With great enthusiam that should have been invested into better business models more applicable to current times and technology, we found a little island to start our new program. Surely, armed with the knowledge of these laws and ability to recite them these children will be able to do anything they want such as research in the ESA, earn nobel prizes, and anything else. The whole board also agreed this will permanently get them spending money they do not have on needless expenses such as CDs and movies when they can barely afford food and housing. The joy to have four personal chefs on call in my Summer Mansion again!"
The above is a satire meant to give humor while drawing focus on how HORRIBLE it is to waste classroom time on complete shit like this. Schools are for teaching the children the skills they need to succeed and if possible make the great contributions that advance humanity. To waste classroom time on this is to betray the children who suffer it, and their futures.
-1 Overrated (Too many big words for me to comprehend)
teaching our children that it's right to question the law, and to ask "Why does this have to be this way?" Anyone who believes that law is static and unchanging, based on the collective opinion of society, needs to recall "blue laws" and other such antiquities.
That's dangerous to those in power, who coincidently approve school curricula. Also, at least in GA, we still have blue laws.

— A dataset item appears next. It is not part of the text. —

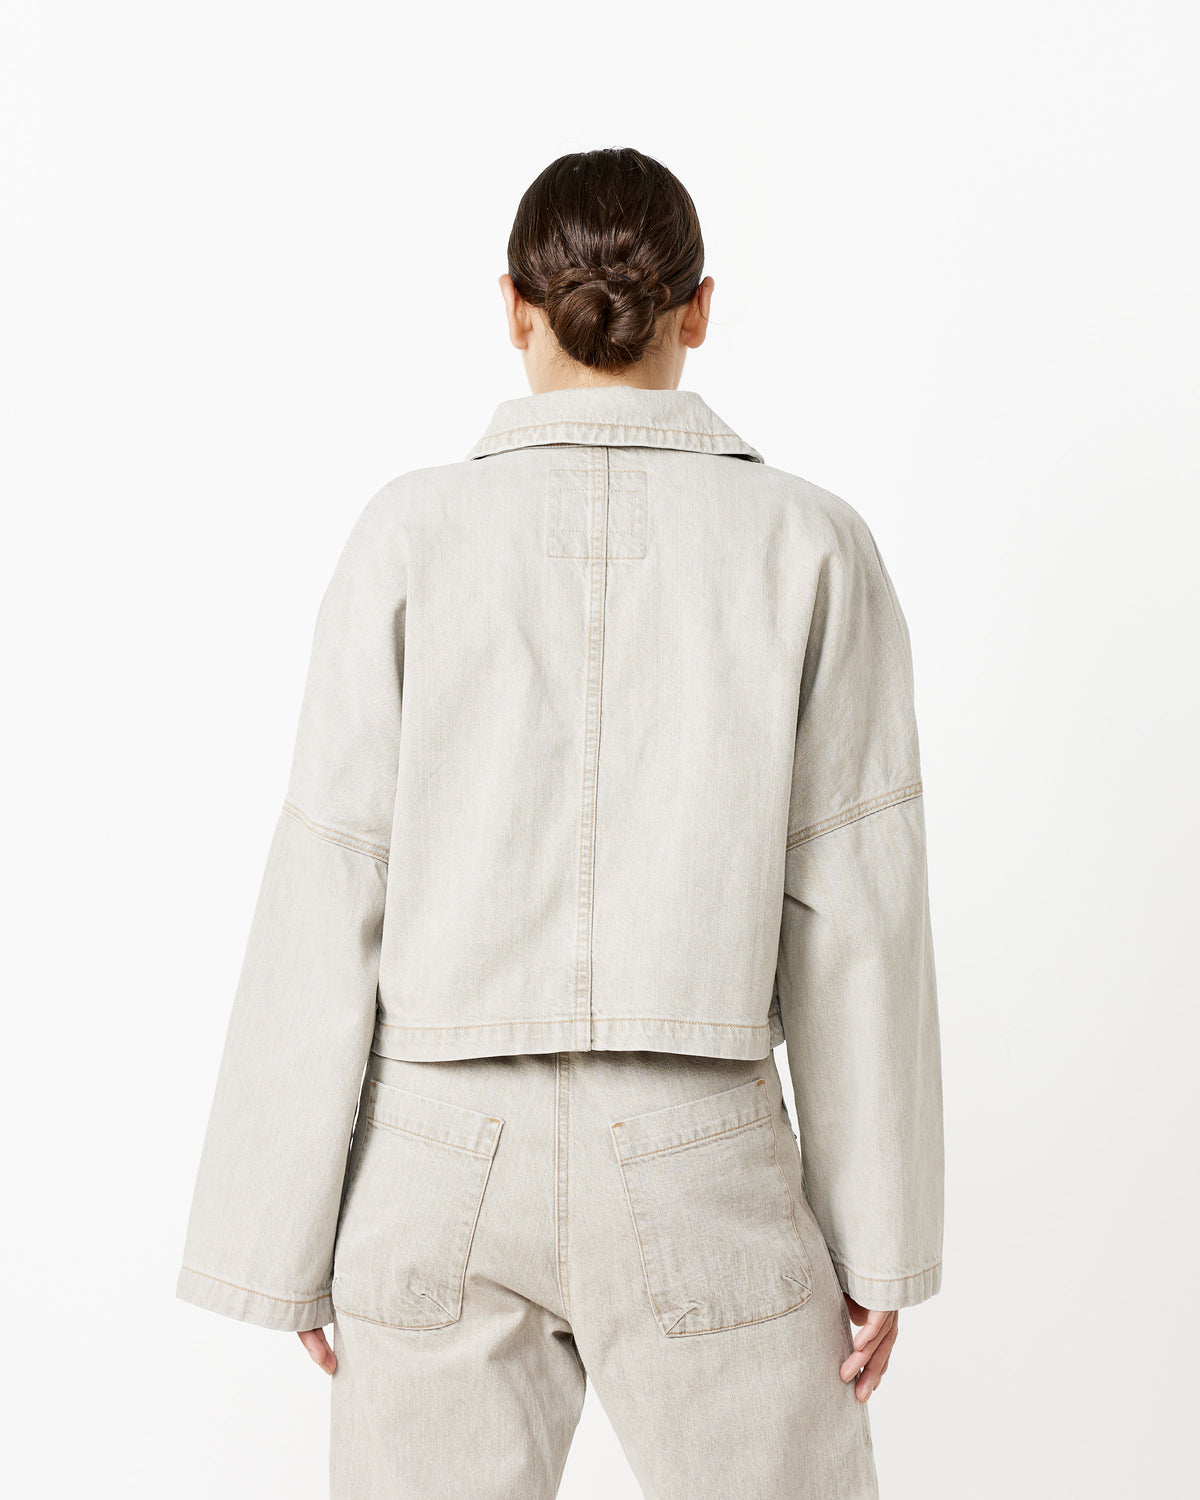 Browse Otero Jacket Rachel Comey plus more. Visit our store today

But learning about the law is not the same as "indoctrination".
That statement is true. However, lying to kids about the law IS indoctrination, and I have every reason to believe, based on their past statements where they have shown a willingness to lie about the law in public statements to the press, that this is precisely what the RIAA would do with this class program.
Now if the schools formed their OWN lesson plans that taught about *actual* copyright law, that would be a good thing.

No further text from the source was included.